After catching Yolanda (Yvette Monreal) and Courtney in the act at the hospital last week, Anjelika is on to them and does a little digging by visiting the Whitemore-Dugan household. That pesky dog strikes again and Beth soon as her hands on Dr. Mid-Nite’s goggles.
The goggles, voiced by Henry Thomas, provide another level of dramedy to the episode. On the one hand his commentary is hilarious and the operating system visual also help to raise a laugh but on the other hand the goggles also give Rick the true story of what happened to his parents.
That level of balance I was telling you about earlier. It’s nigh on perfect in this episode.

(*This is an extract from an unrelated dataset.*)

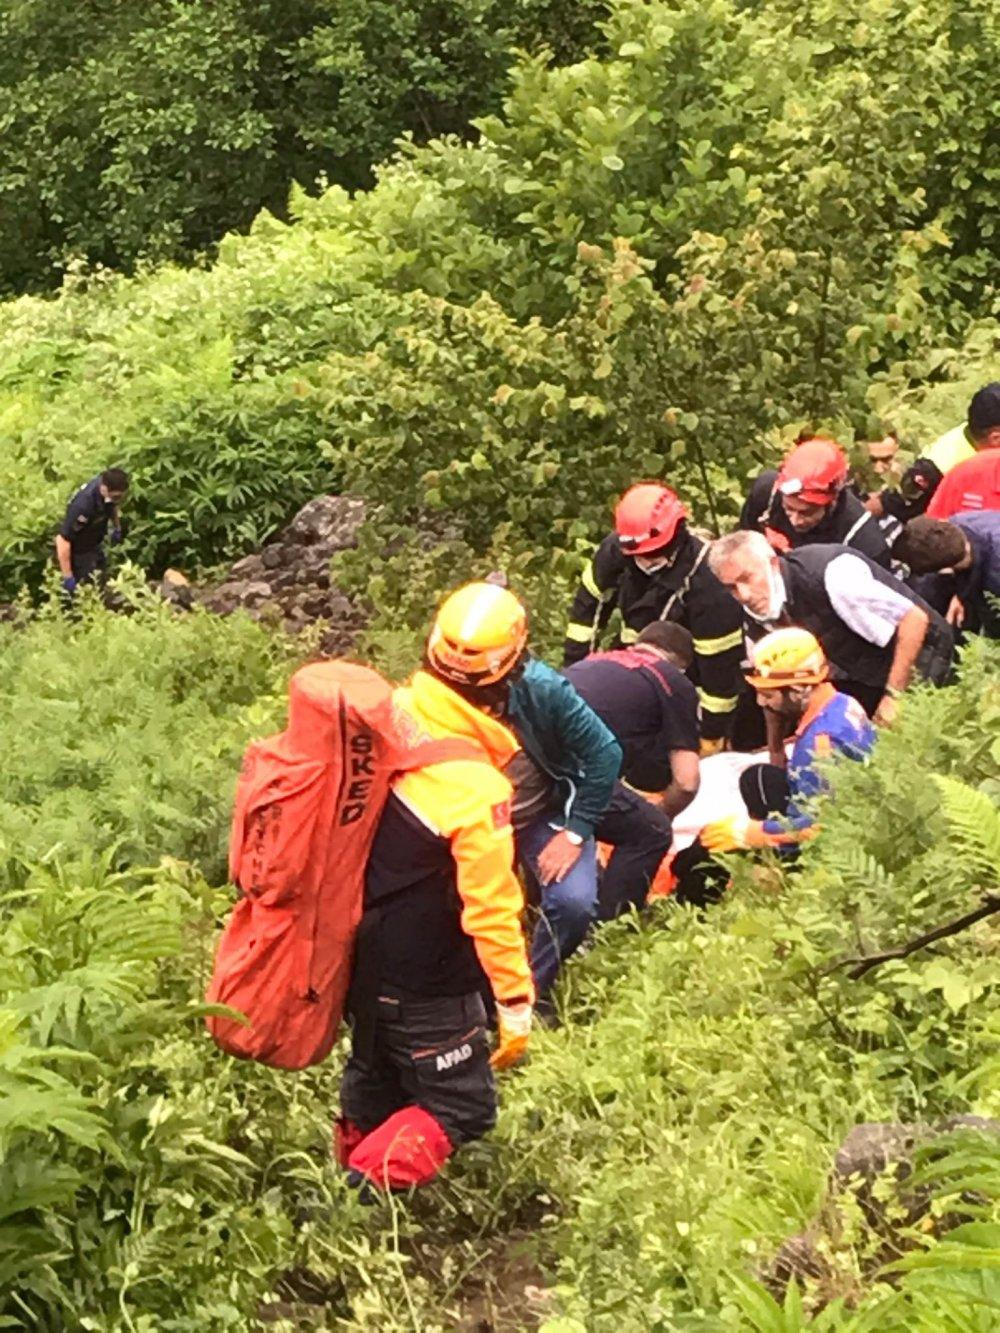 Trabzon'da kamyonet uçuruma devrildi: 1 ölü
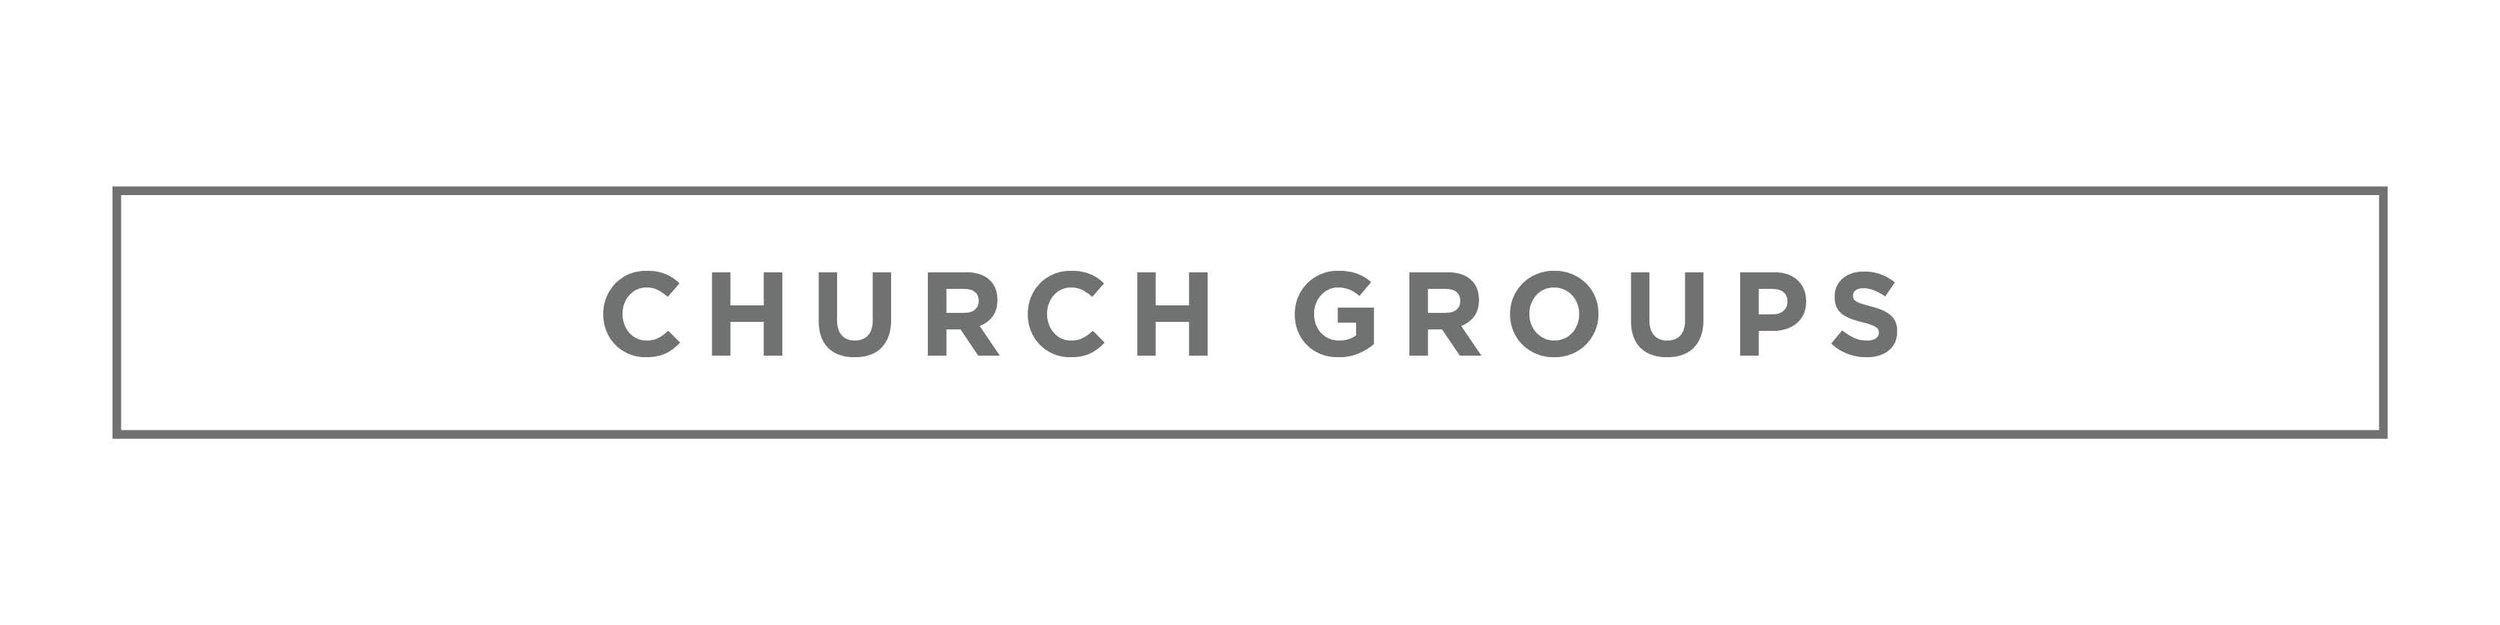 church groups button.jpg

“Hourman & Dr. Mid-Nite” ricochets back and fourth between the stories of Rick and Beth with Courtney acting as the common thread pulling it all together. Those stories intersect during Cindy’s halloween house party. It’s all very typical teenage fare, not unlike that what you would see in an episode of Riverdale, that is until Henry (Jake Austin Walker) begins exhibiting powers like his father.
It’s only a tease for what’s to come in the future, but we’re clearly building towards a young heroes vs. young villains situation. I only hope that Henry is caught in the moral in-between, unsure which side to take.
Elsewhere, we learn about a classic ISA member called The Fiddler (another giggle moment). It seems Principal Bowin (Hina Khan) may be the new Fiddler as she works with Eric Goins’ The Gambler to steal a device passing through Blue Valley.
The first season of DC’s Stargirl is clearly building towards a huge convergence of storylines. The various plot threads are all developing well and the characters inhabiting them are exactly where we need them to be. I’m impressed that five episodes in that Stargirl is maintaining such a high pace.
Once again it is Pinar Toprak’s score which is the MVP of the production. This series is crying out for an immediate soundtrack release when all is said and done.
“Hourman & Dr. Mid-Nite” is Stargirl at its storytelling peak. IT has all the ingredients to form a brilliant hour of episodic television.
The show stars Brec Bassinger in the title role. Luke Wilson is playing S.T.R.I.P.E., alongside Joel McHale (Starman), Lou Ferrigno Jr. (Hourman), Henry Thomas (Dr. Mid-Nite), and Brian Stapf (Wildcat). Neil Hopkins (Sportsmaster), Joy Osmanski (Tigress), and Nelson Lee (Dragon King) will portray members of the Injustice Society.
Stargirl debuts new, unedited episode on DC Universe on Monday’s. The series then airs episodes on The CW on Tuesday’s.